Мигает огонек отзыва, слышится холодный голос Забродина:



— Я вас слушаю, Алексей Павлович.

— Вам, уважаемый Федор Платоныч, и командиру корабля Градову объявляю выговор! Строгий! Последний! С тремя предупреждениями, с занесением в личное дело, с опубликованием в приказе и прочая-прочая!..

— Алексей Павлович…

— Не пререкаться! Выговор за то, что утаили потерю электростанции и резервного бака с рабочей жидкостью! Далее…

— Вы были тогда в таком состоянии… — начинает Забродин, однако Бахарев не желает слушать никаких оправданий.

— Далее!.. Приказываю все мероприятия, связанные с затратой горючего, немедленно прекратить! Далее… разверните фотокарту Венеры.

Бахарев кивает Мажиду, и тот раскладывает на столе большую карту Венеры.

— Развернули там, на ЦСУ?

— Да, Алексей Павлович, — отвечает репродуктор, но уже голосом Градова.

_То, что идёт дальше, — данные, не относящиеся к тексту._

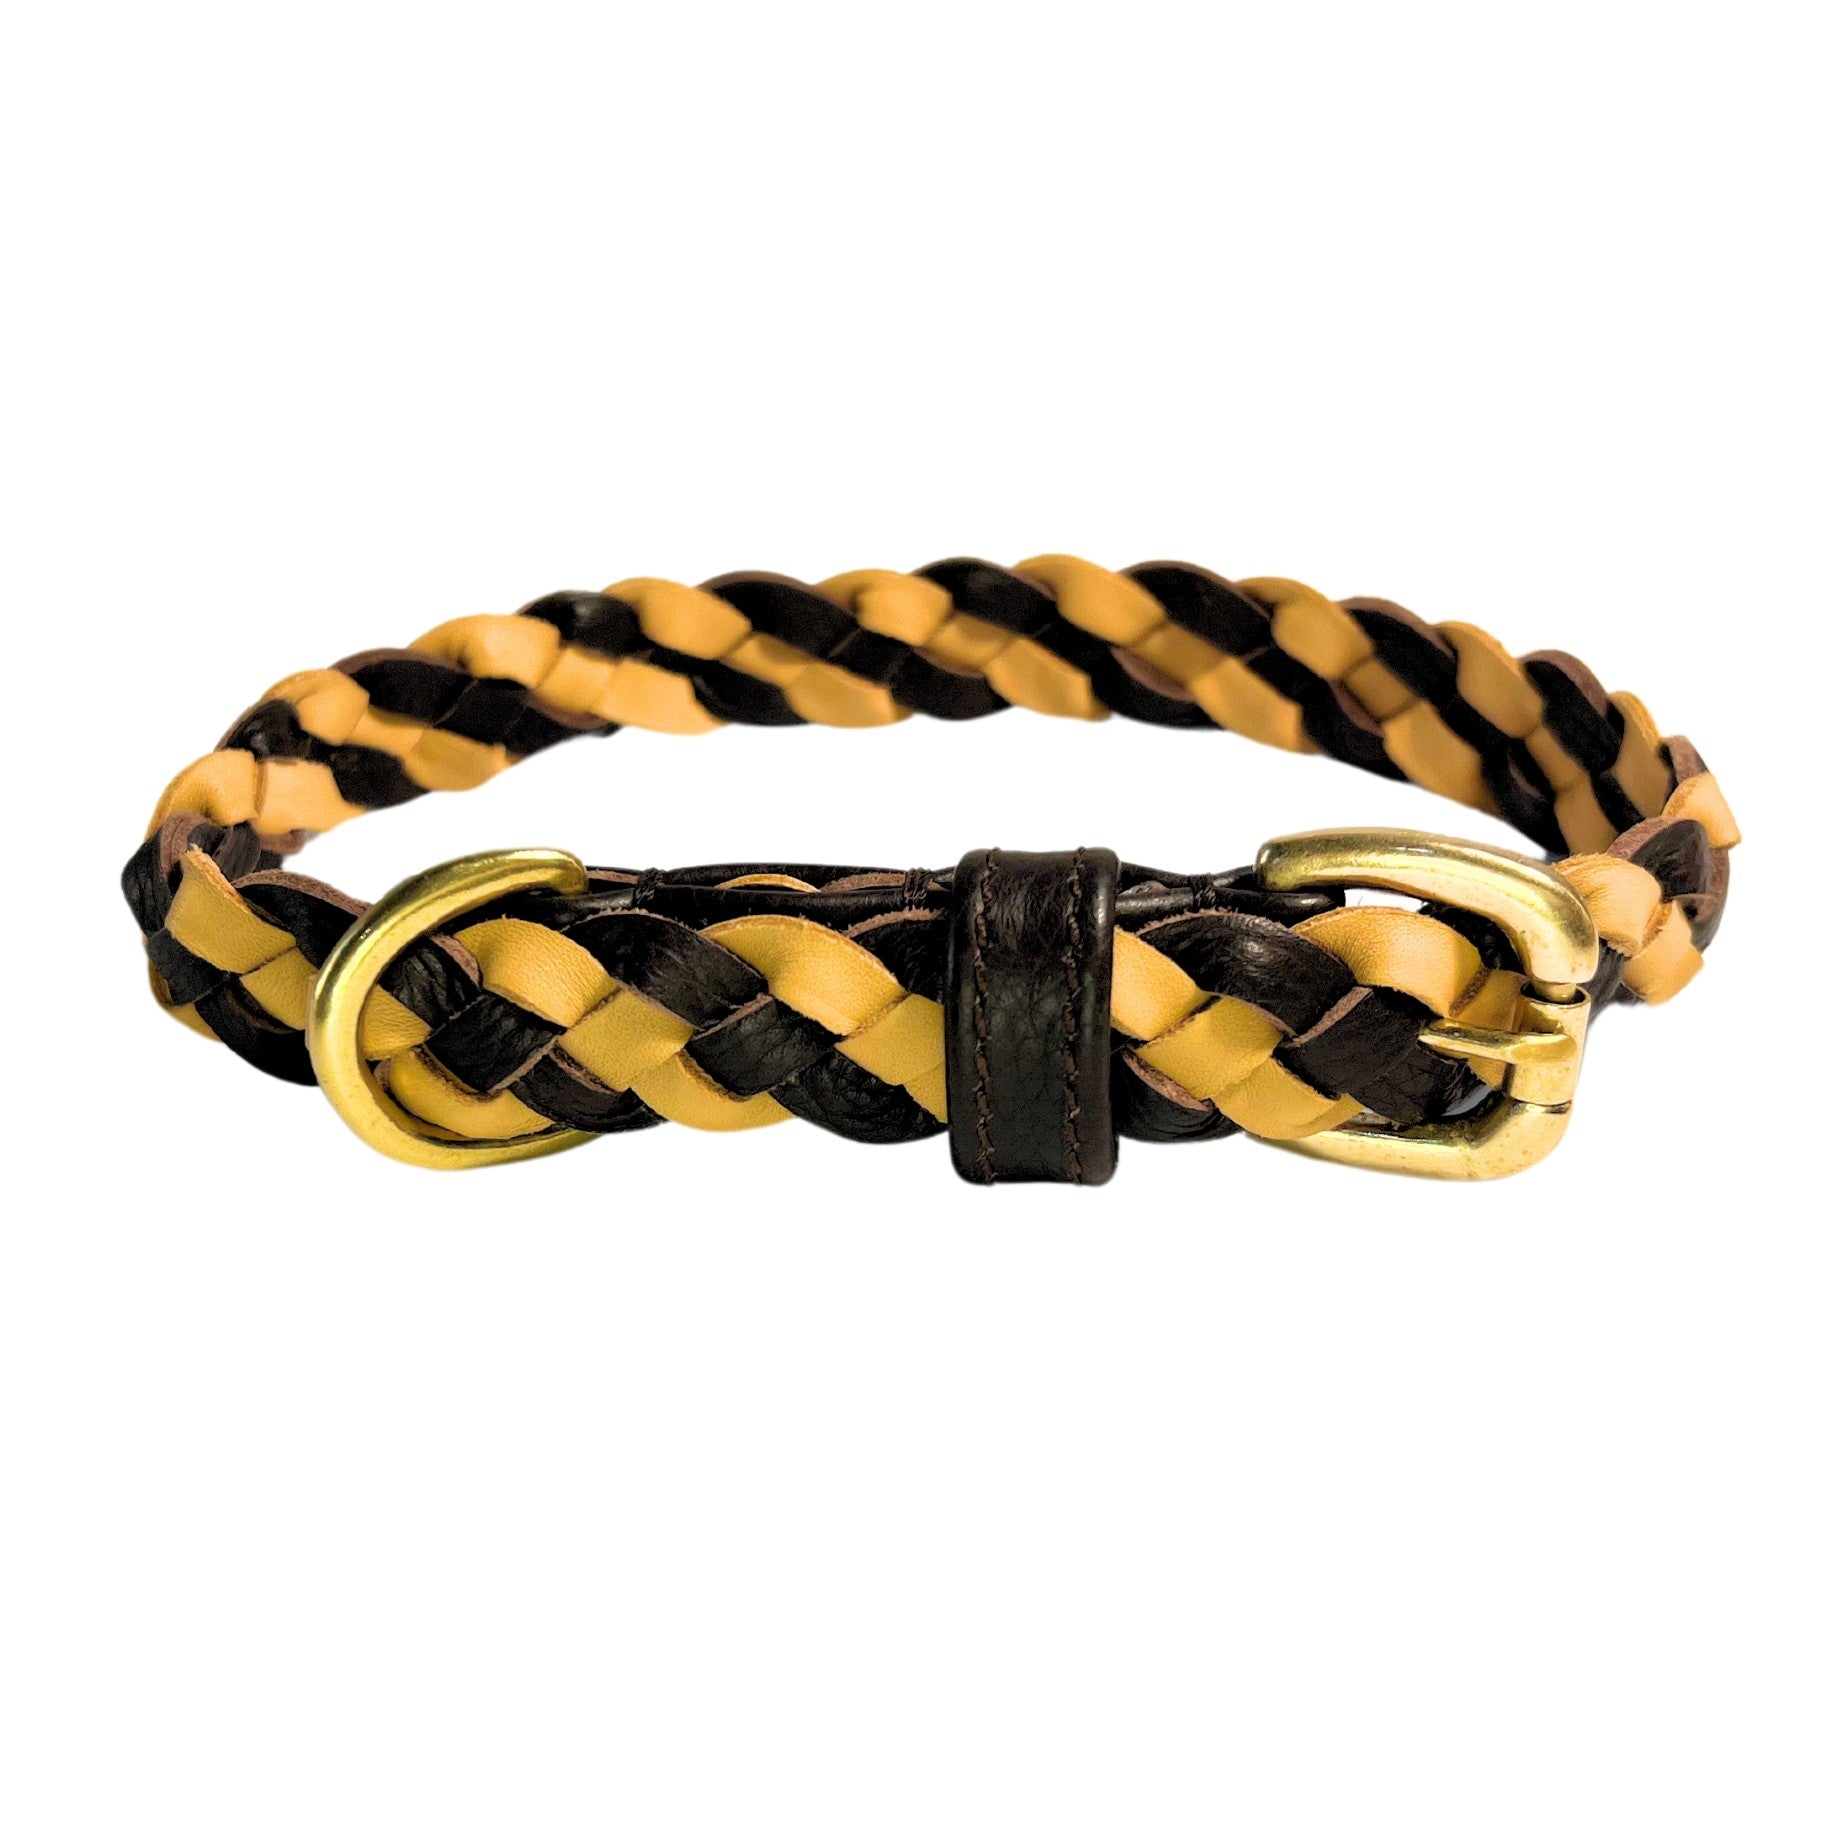 A LuLu Collar - chicory bracelet in black and yellow featuring a metallic clasp, isolated on a white background. The accessory exhibits a casual yet stylish design, suitable for everyday wear.

— Найдите в северном полушарии океан Ломоносова — берег Красных Лесов…

Мажид на карте Бахарева в хаосе расплывчатых разноцветных пятен выбирает то, что нужно: оранжевую каемку, обрамляющую огромное серо-желтое пятно.

— Найдите Большую реку, впадающую в океан Ломоносова!

— Нашли, Алексей Павлович, — опять слышен голос Градова.

— В оставшиеся пять суток уточняйте место посадки ракеты именно в этом районе! — приказывает Бахарев.

— Разрешите только один вопрос, уважаемый Алексей Павлович? — раздается голос Забродина.

— С удовольствием, уважаемый Федор Платоныч, — расшаркивается перед радиотелефоном Бахарев.

— Почему вы предлагаете посадить ракету в арктической полосе Венеры, да еще в северном полушарии, где сейчас зима?

— А потому, голубчик, что Венера находится слишком близко к Солнцу. Только на Марсе и Земле жизнь ищет тепла. На Венере жизнь ищет прохлады, жмется подальше от экватора к полюсам. И зима на Венере — это самое золотое время, расцвет жизни!

— Вопросов больше не имею, — говорит Забродин.

— Ваше приказание будет выполнено! — добавляет Градов.

— Будьте здоровы! — кланяется Бахарев радиотелефону и выключает его.

— А теперь, мой дорогой, у меня к вам будет… особый разговор, — обнимает Бахарев за плечи Мажида. — Сначала сядьте и успокойтесь…

Старик усаживает Мажида на диван, проходит по кабинету, заложив руки за спину, ибо успокоиться-то нужно именно ему, а не Мажиду… Потом он подходит к диктофону и кладет руку на стопку плоских рулонов магнитной ленты.

— Вот здесь, Мажид… запись моего рассказа о достижениях разных наук, о жизни на других мирах, о полетах в космос, о находке шара, о его разгадке… — Бахарев берет в руки модель шара, найденного когда-то Мажидом в забое. — Вы человек… верный своим мыслям, решениям, задуманному. Вы добьетесь своего, когда-нибудь станете настоящим ученым и полетите на Венеру… когда меня уже не будет в живых…



— Алексей Павлович!.. — восклицает Мажид.

— Дайте мне слово, — продолжает Бахарев, остановив жестом Мажида. — Дайте мне слово сделать одно… дело!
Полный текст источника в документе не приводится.